---- DATA TO USE

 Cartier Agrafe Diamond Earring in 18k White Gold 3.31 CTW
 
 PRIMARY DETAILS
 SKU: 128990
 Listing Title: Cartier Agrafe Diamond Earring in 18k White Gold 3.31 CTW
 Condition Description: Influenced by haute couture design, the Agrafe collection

--------
---- DATA TO USE

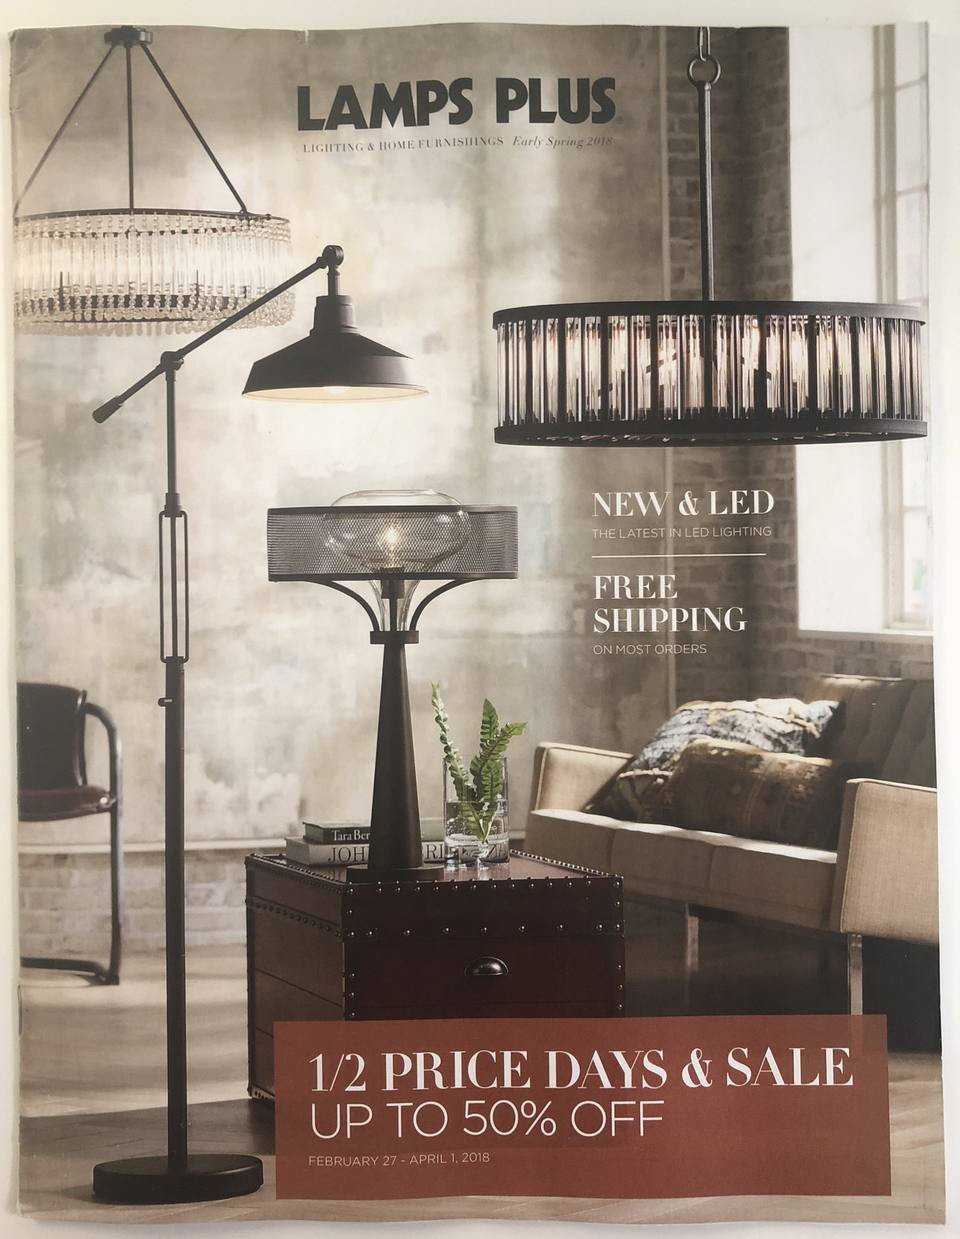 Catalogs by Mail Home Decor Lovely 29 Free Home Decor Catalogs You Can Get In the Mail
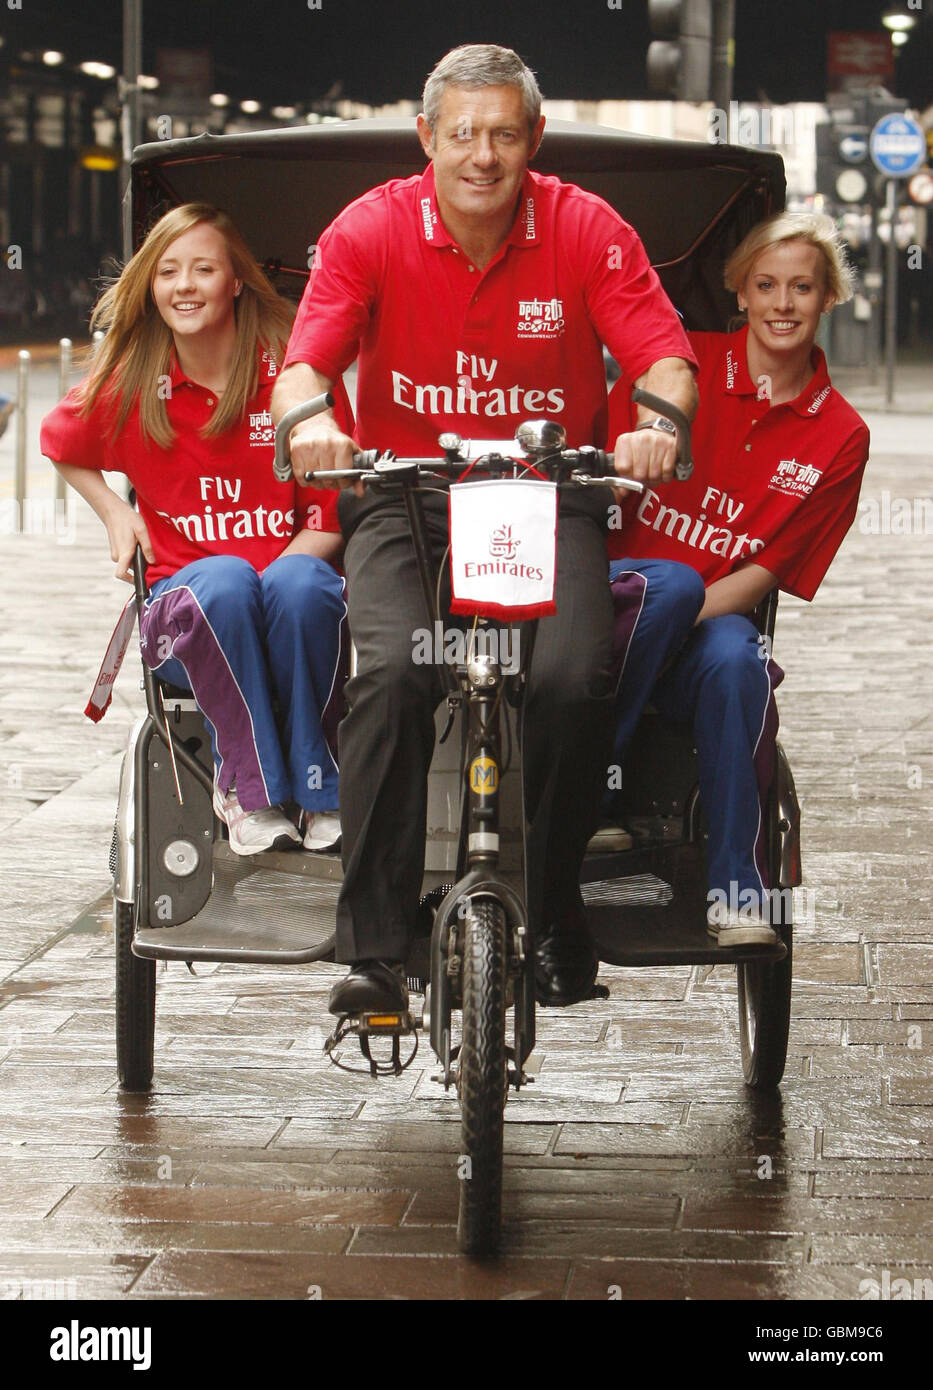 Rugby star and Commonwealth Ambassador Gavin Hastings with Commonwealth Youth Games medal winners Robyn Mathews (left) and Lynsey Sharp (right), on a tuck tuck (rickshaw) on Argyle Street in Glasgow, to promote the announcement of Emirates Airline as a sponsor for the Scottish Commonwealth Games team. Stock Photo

--------
---- DATA TO USE

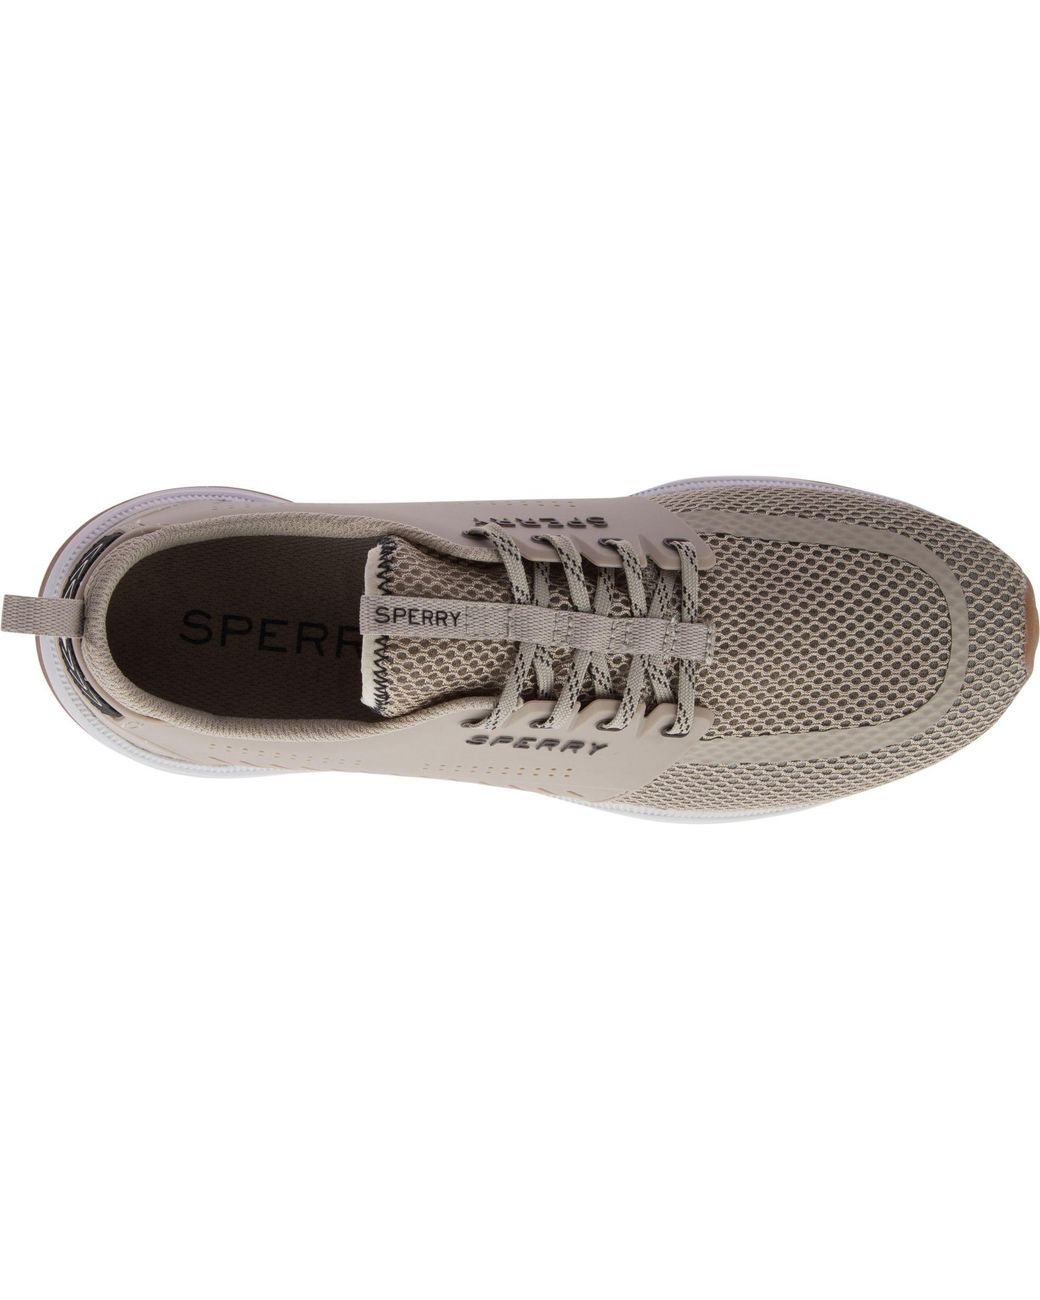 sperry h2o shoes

--------

• [EXERCISE PROMPT]: Which lines of the data include the string "Diamond"? Copy each of them.

• [ANSWER TO THIS EXERCISE]:
 Cartier Agrafe Diamond Earring in 18k White Gold 3.31 CTW
 Listing Title: Cartier Agrafe Diamond Earring in 18k White Gold 3.31 CTW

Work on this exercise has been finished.